The Berne Infinitesimal Bubble Chamber, BIBC, was almost pocket size, 6.5 centimetres across and with a visible volume containing about a wine glass of heavy liquid.

Bubble chambers are similar to cloud chambers, both in application and in basic principle. A chamber is normally made by filling a large cylinder with a liquid heated to just below its boiling point. As particles enter the chamber, a piston suddenly decreases its pressure, and the liquid enters into a superheated, metastable phase. Charged particles create an ionization track, around which the liquid vaporizes, forming microscopic bubbles. Bubble density around a track is proportional to a particle's energy loss. Bubbles grow in size as the chamber expands, until they are large enough to be seen or photographed. Several cameras are mounted around it, allowing a three-dimensional image of an event to be captured.

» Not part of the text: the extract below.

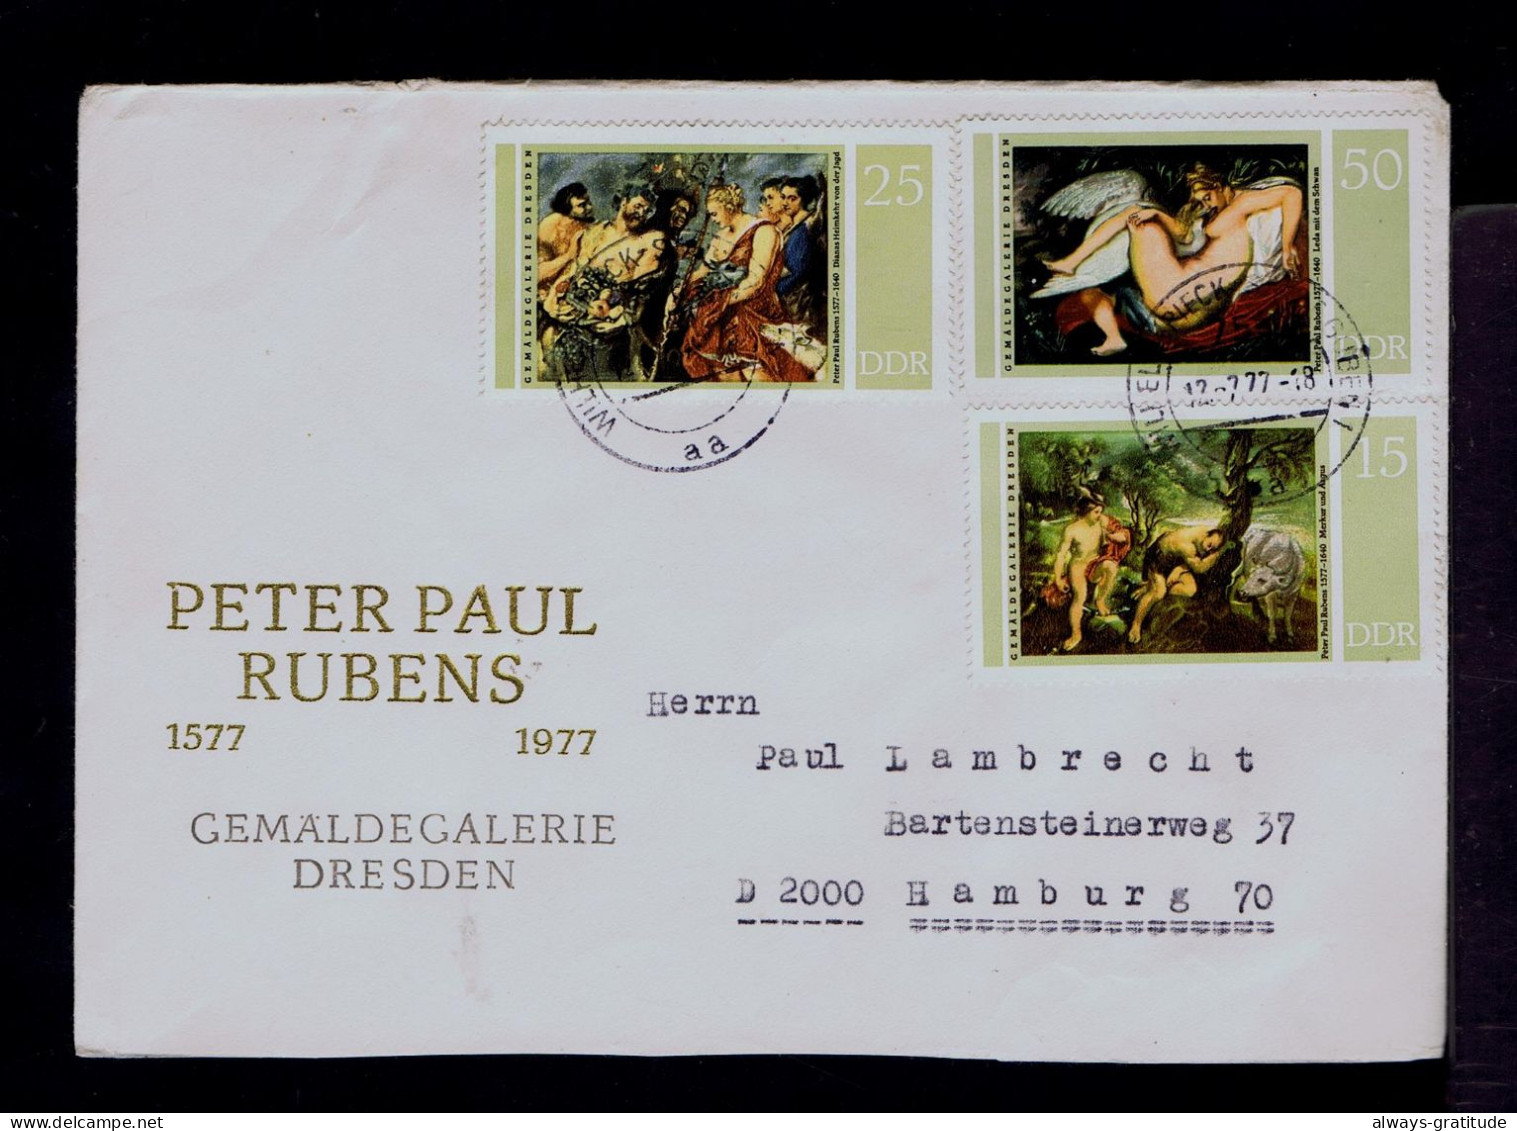 Sp10386 DDR "Gemalde Galerie -DRESDEN" Museum RUBENS 1577-1640 Peinture Arts Paintings Mailed Hamburg - Rubens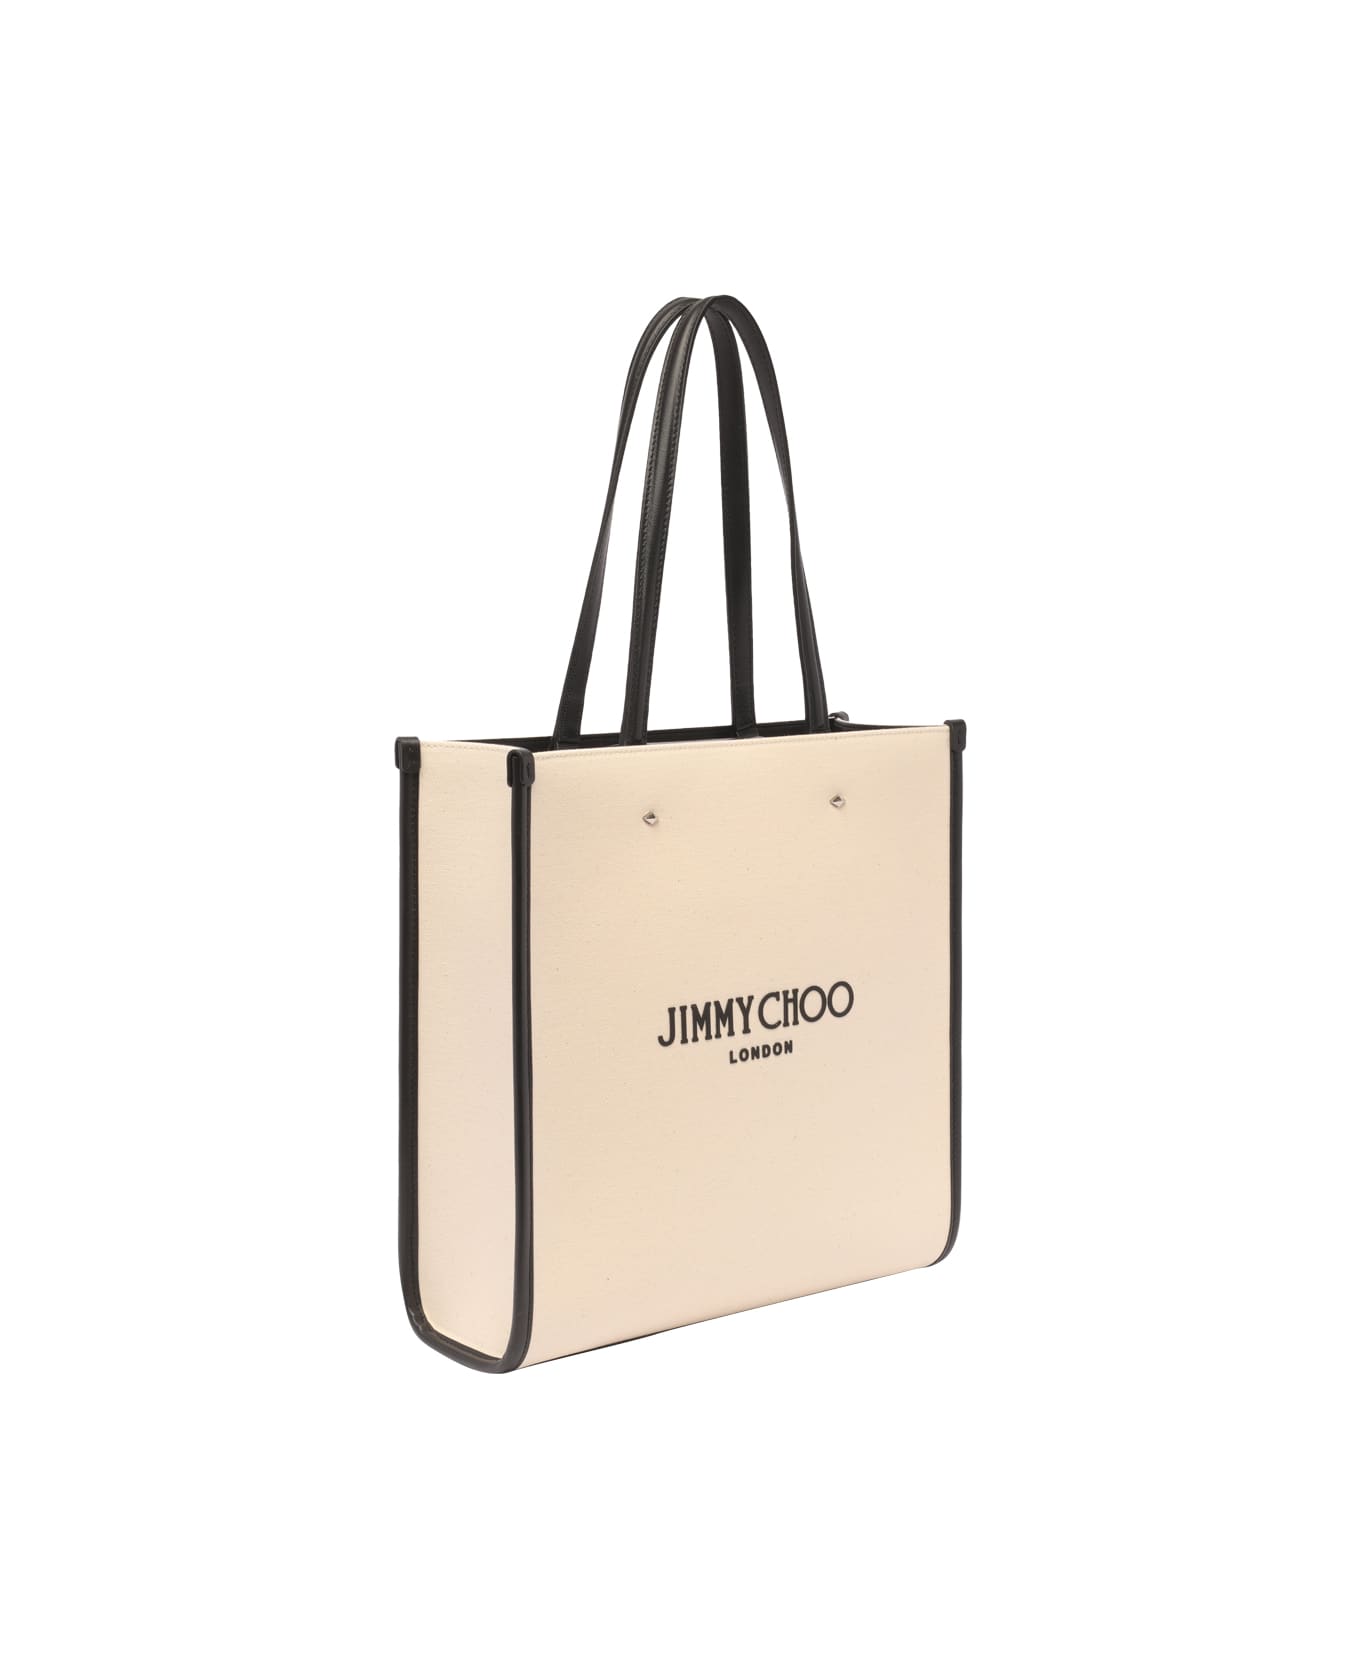 Jimmy Choo Logo Tote Bag - White トートバッグ

The BIBC chamber body was machined from a block of aluminium. It was filled with propane or freon. The chamber was designed to look for charmed particles, which are so un-stable that they usually decay too quickly to give big bubble chambers a good chance of catching them. In fact the track of a charmed particle could be lost amongst the 'large' (half a millimetre) bubbles of large chambers. The bubbles in the minichamber were about ten times smaller, and stood a better chance of picking up short tracks.
BIBC was used at the CERN SPS in the experiment NA18 as vertex detector together with a downstream 2 m streamer chamber of the MPI-Munich which allowed for momentum analysis of the charged particles.